+++ GIVEN MATERIAL

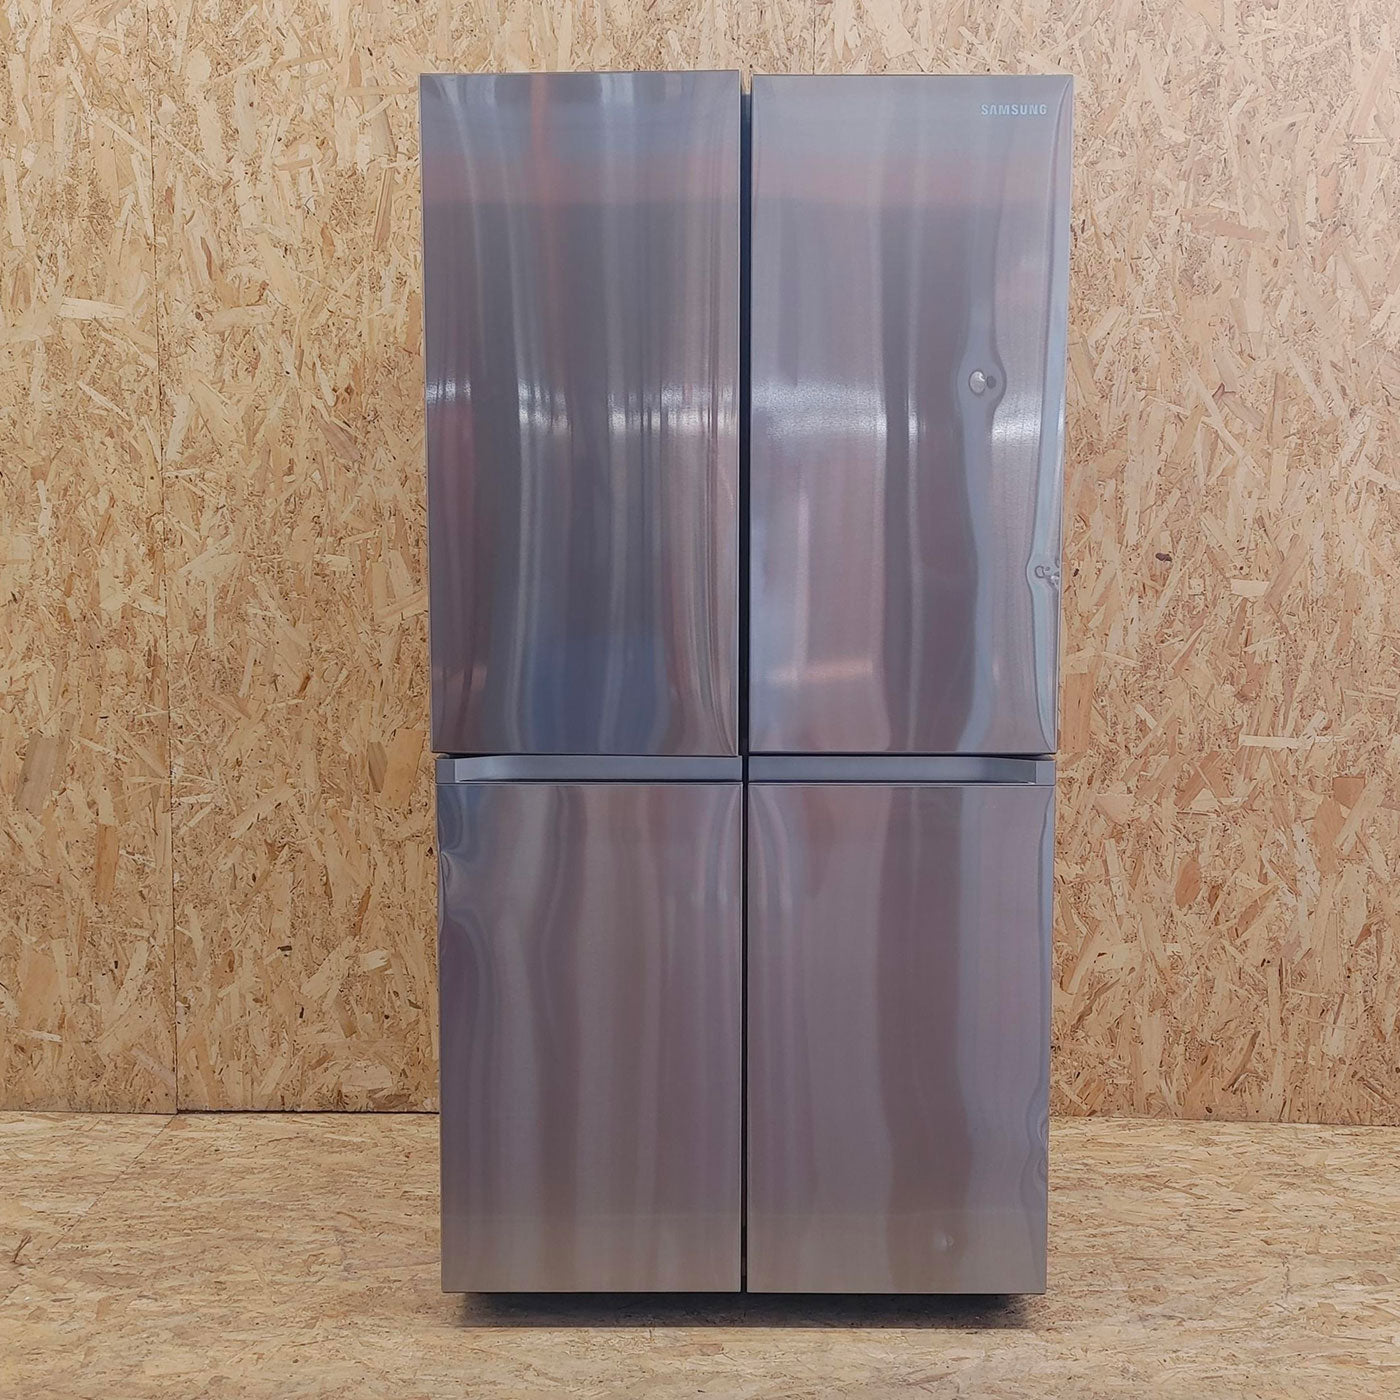 Samsung RF65A90TESR frigorifero side-by-side Libera installazione E, No Frost
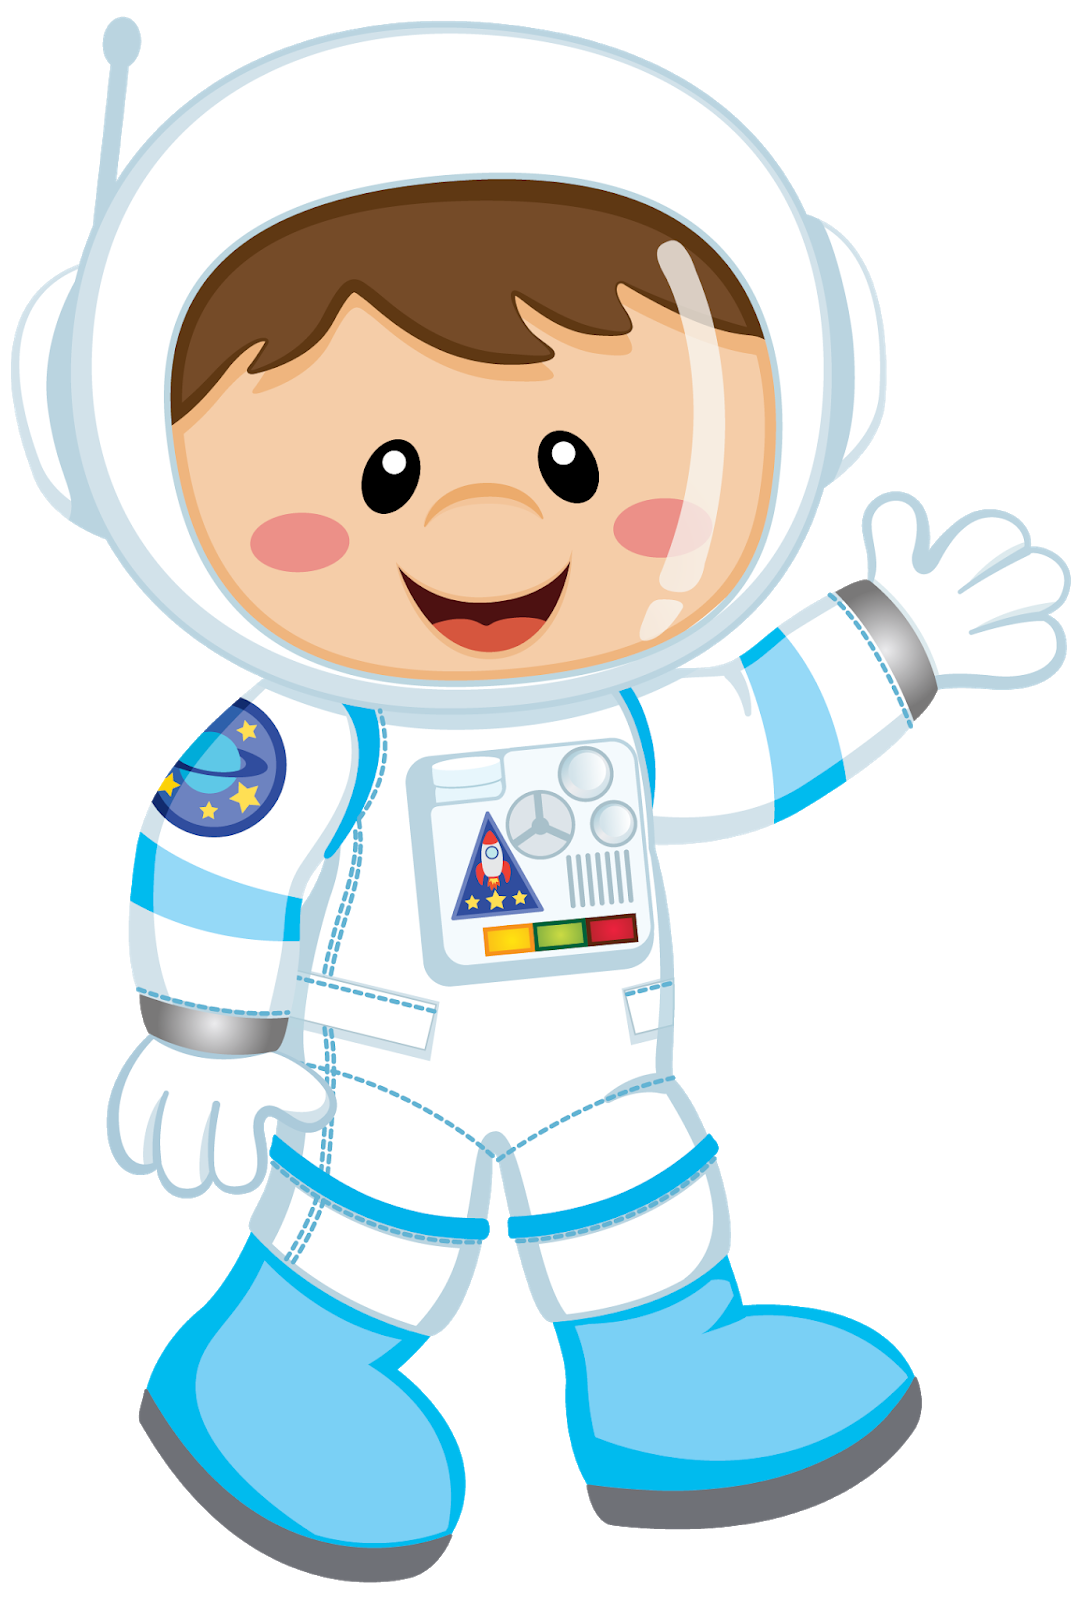 Космонавт картинки для детей дошкольного возраста. Иллюстрация скафандра для детей. Космонавт для детей. Человечки в скафандрах. Космонавт мультяшный.
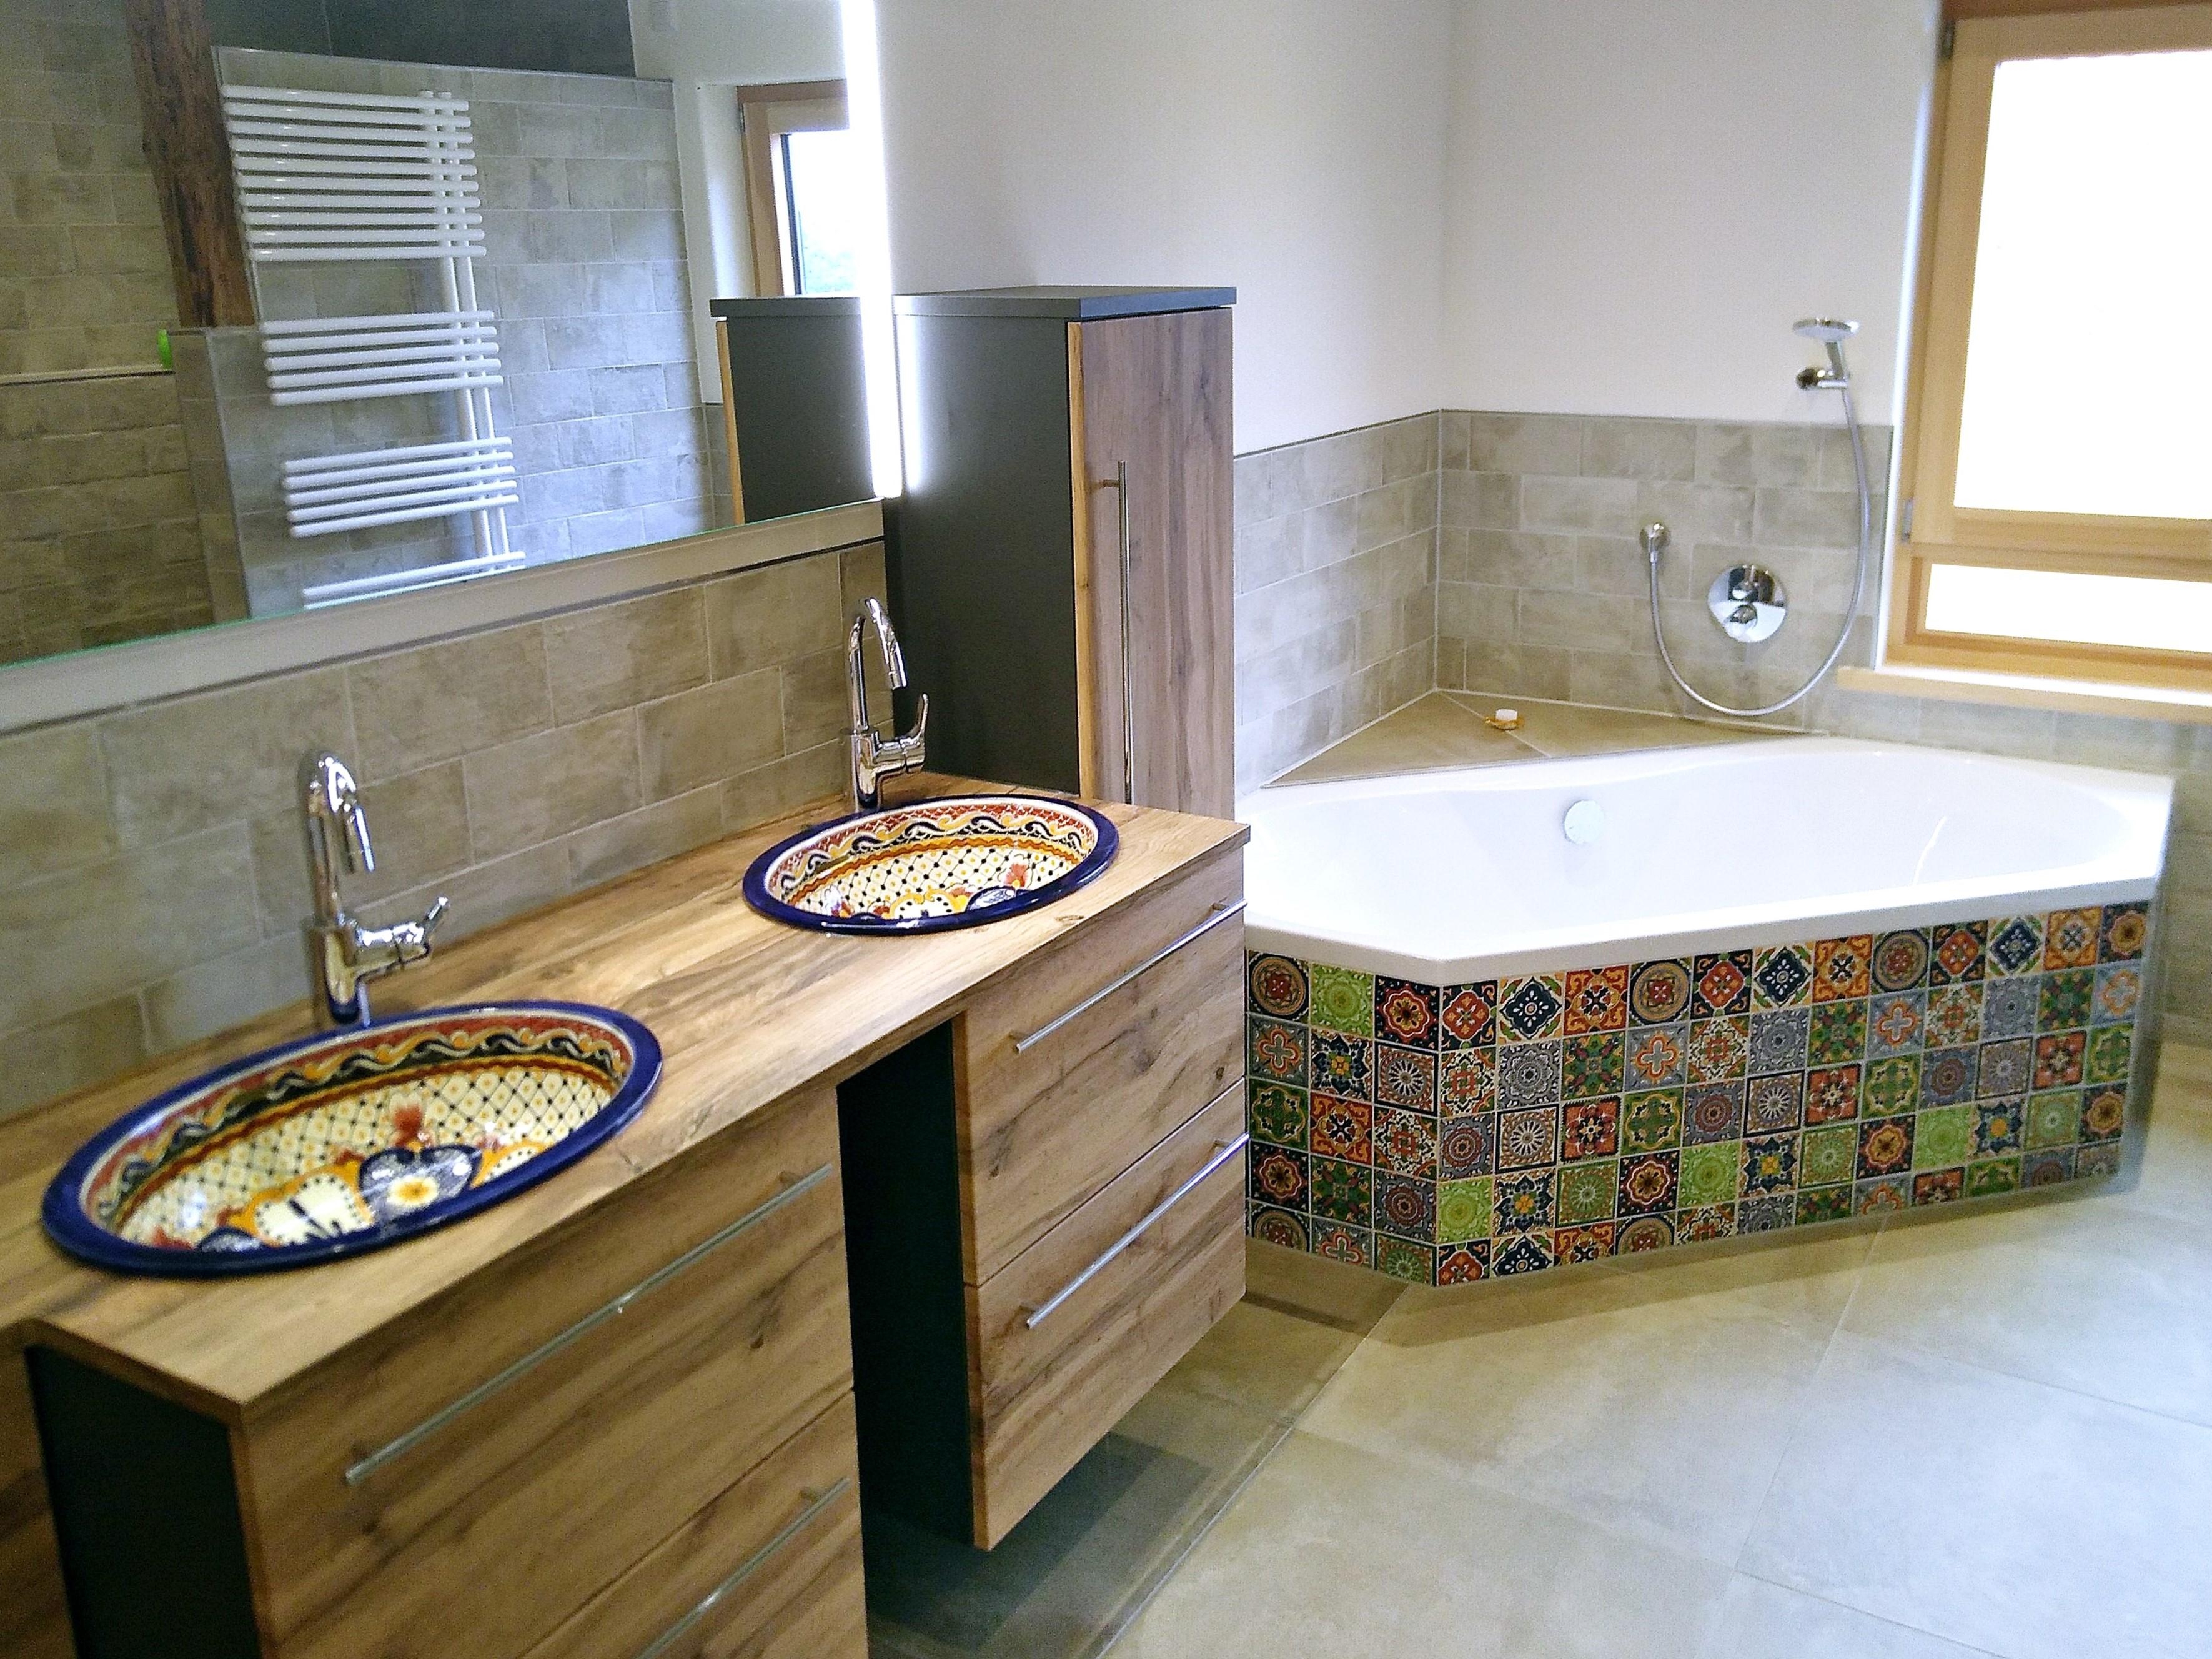 Bunt ist heute! #badezimmer #badewanne #fliesen #wandfliesen #waschbecken #holzwaschtisch #badezimmer #mexambiente #bunt

++++++

ABOUT THIS EXERCISE:
Write every line of the data out again exactly, leaving out all images.

SOLVED PROBLEM:
 Samsung RF65A90TESR frigorifero side-by-side Libera installazione E, No Frost
 Космонавт картинки для детей дошкольного возраста. Иллюстрация скафандра для детей. Космонавт для детей. Человечки в скафандрах. Космонавт мультяшный.
 Bunt ist heute! #badezimmer #badewanne #fliesen #wandfliesen #waschbecken #holzwaschtisch #badezimmer #mexambiente #bunt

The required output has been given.